19.jpg I’ve read nearly all of her books and have probably been emotional about all of them. She has a way of writing that almost drowns you in the characters emotions and lives. I wasn’t sure how I would feel about a school shooting book; I, like many, watched Columbine unfold on television as if I were watching some horrible movie.  So I decided not to think about it like that – it is a work of fiction (though she did use true experiences of recent school shootings for research, including survivors).

Here’s the Book Description from Amazon.com:

In nineteen minutes, you can mow the front lawn, color your hair, watch a third of a hockey game. In nineteen minutes, you can bake scones or get a tooth filled by a dentist; you can fold laundry for a family of five….In nineteen minutes, you can stop the world, or you can just jump off it.

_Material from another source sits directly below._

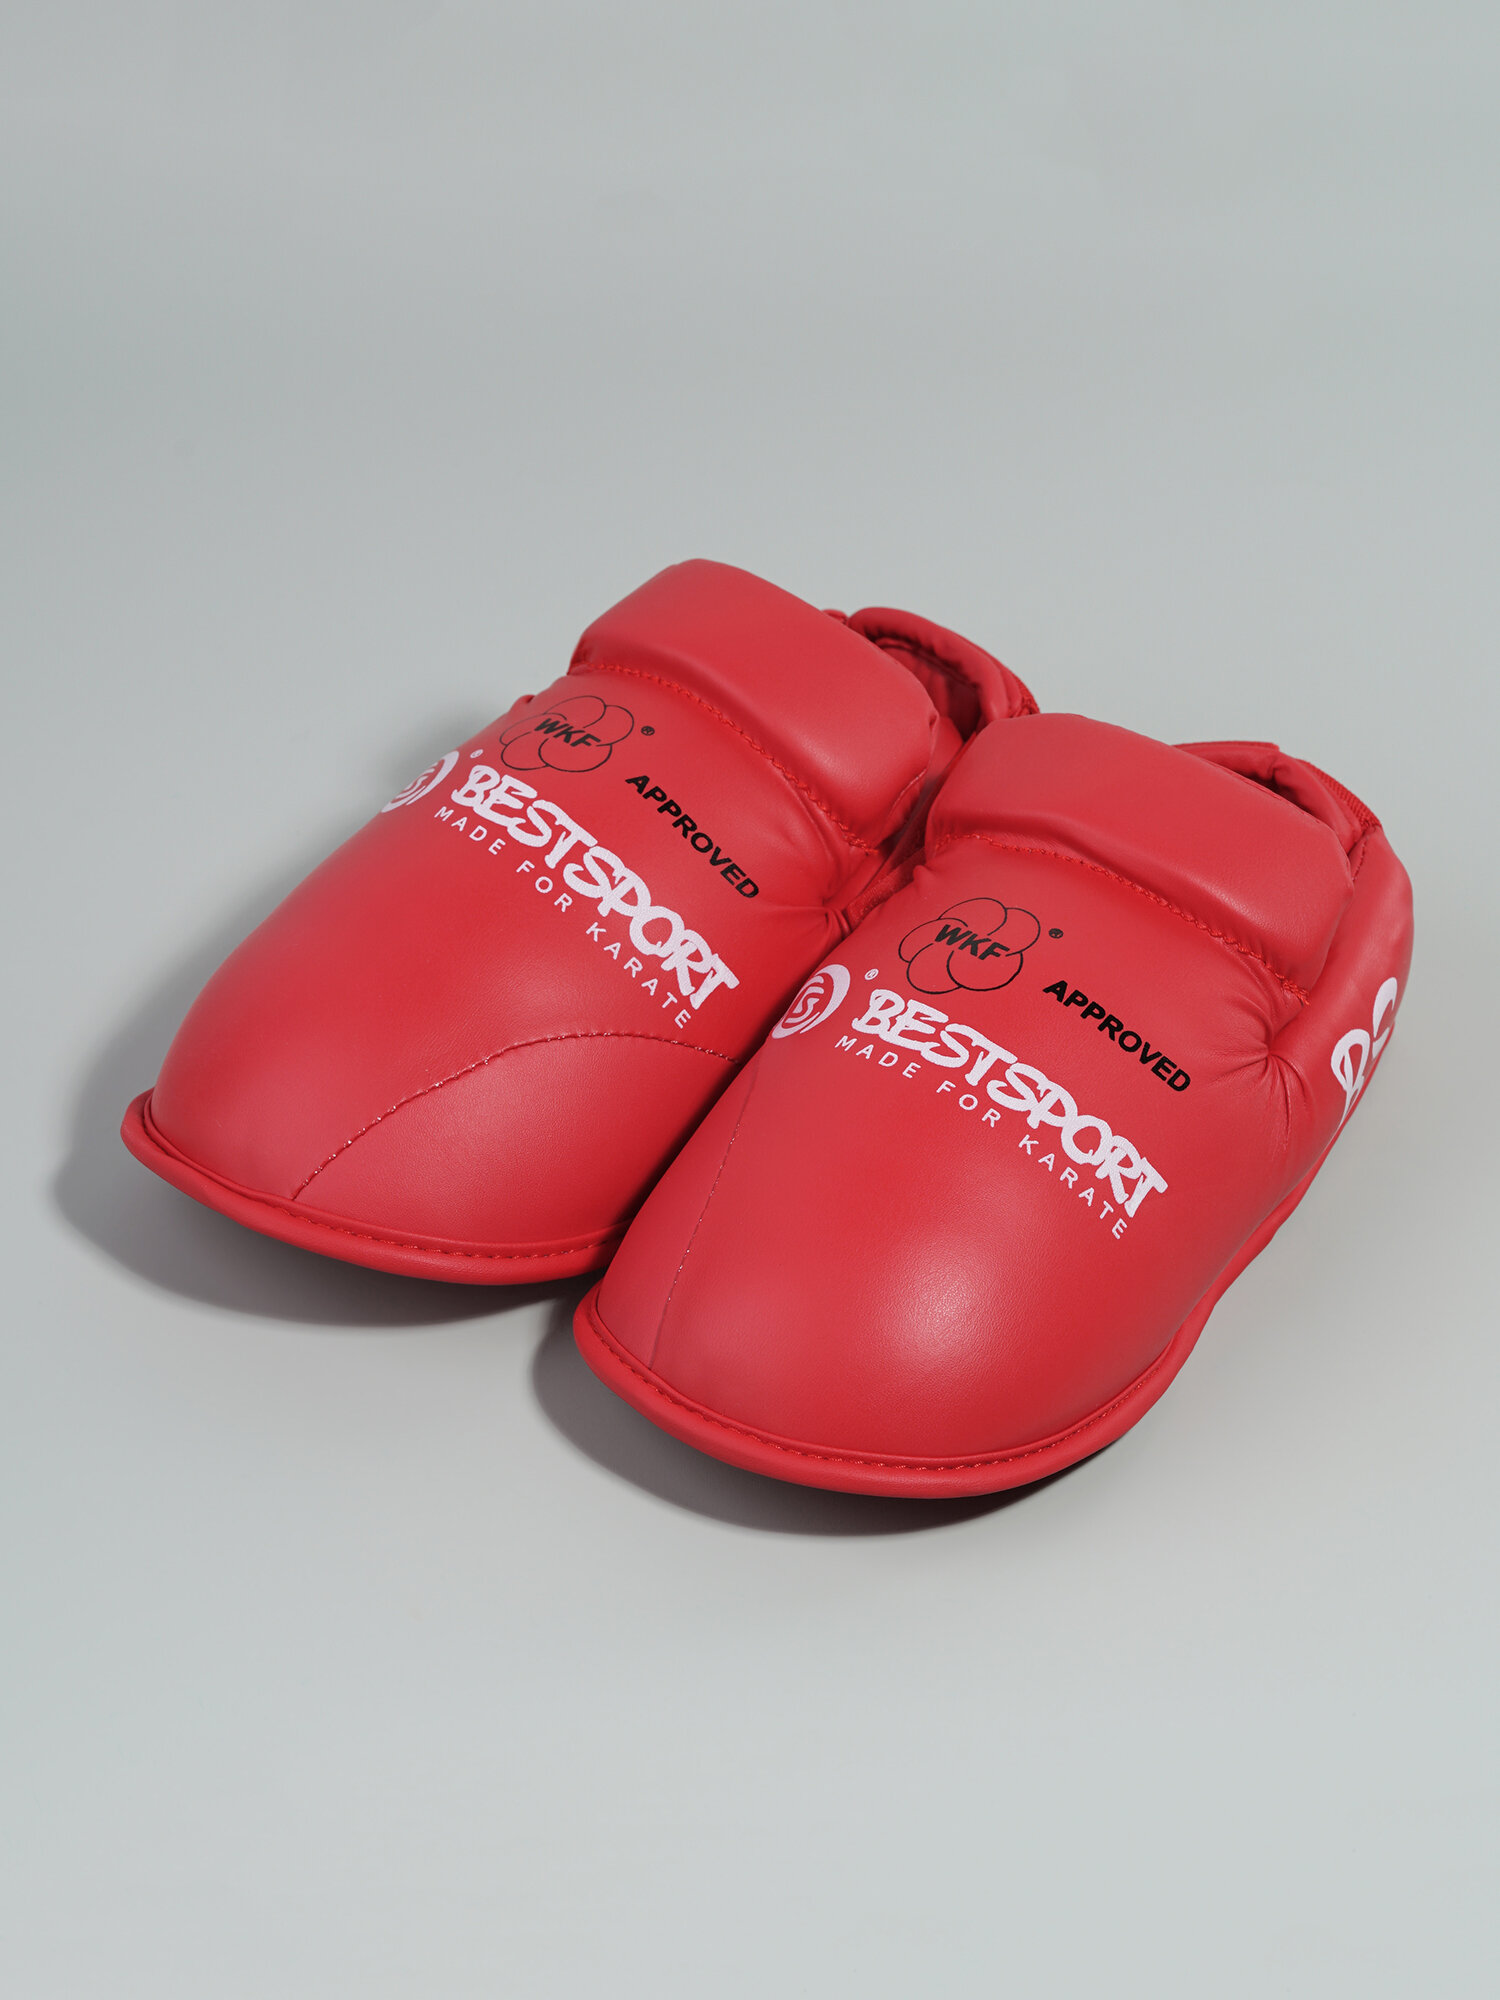 Комплект защиты голени и стопы для каратэ BestSport, красные, L (41-43)

In nineteen minutes, you can get revenge.

Sterling is a small, ordinary New Hampshire town where nothing ever happens — until the day its complacency is shattered by a shocking act of violence. In the aftermath, the town’s residents must not only seek justice in order to begin healing but also come to terms with the role they played in the tragedy. For them, the lines between truth and fiction, right and wrong, insider and outsider have been obscured forever. Josie Cormier, the teenage daughter of the judge sitting on the case, could be the state’s best witness, but she can’t remember what happened in front of her own eyes. And as the trial progresses, fault lines between the high school and the adult community begin to show, destroying the closest of friendships and families.

Nineteen Minutes is New York Times bestselling author Jodi Picoult’s most raw, honest, and important novel yet. Told with the straightforward style for which she has become known, it asks simple questions that have no easy answers: Can your own child become a mystery to you? What does it mean to be different in our society? Is it ever okay for a victim to strike back? And who — if anyone — has the right to judge someone else?

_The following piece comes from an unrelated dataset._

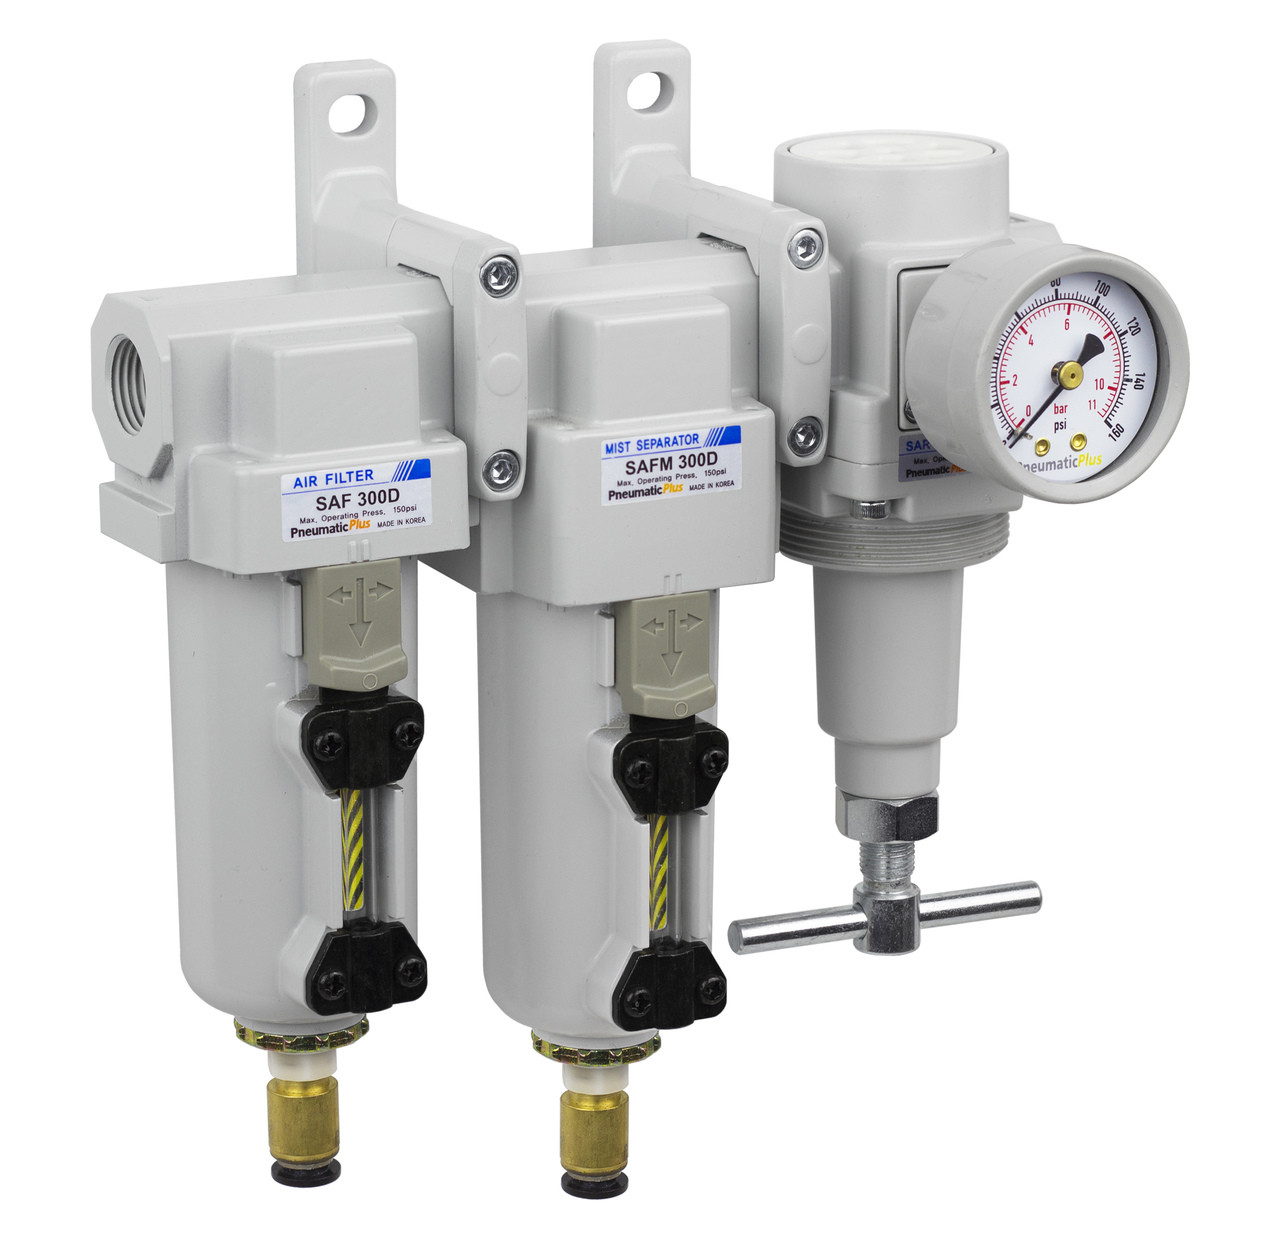 Air Pressure Regulator for compressed air 1" w/ gauge High Pressure 300 PSI Max

I wish I had those answers. I don’t and it honestly scares the hell out of me to think that any kid could turn out “bad”. Any kid.  I never condoned the actions of Peter, the boy who does the shooting.  She humanizes him wonderfully – I feel for him, but I never pitied or excused him.  I did feel anger at him as I cried for his poor mother, who chose not to see her son as he was, and who tried to remember him as a little boy splashing in the tub or stroking her soft sweater while in her lap.  I felt for the Judge who was more comfortable in the courtroom that being a mother until she no longer had a choice.  And I felt for Josie – a young girl struggling with who she really is and feeling trapped in her fake self she created for popularity. In the end, her popularity changed her life and not necessarily in a good way.

Anyway, I’d recommend it. It’s a good read, and in true Picoult style, she jumps back and forth between present and past with each chapter so that you get what is currently happening and all that leads up to it.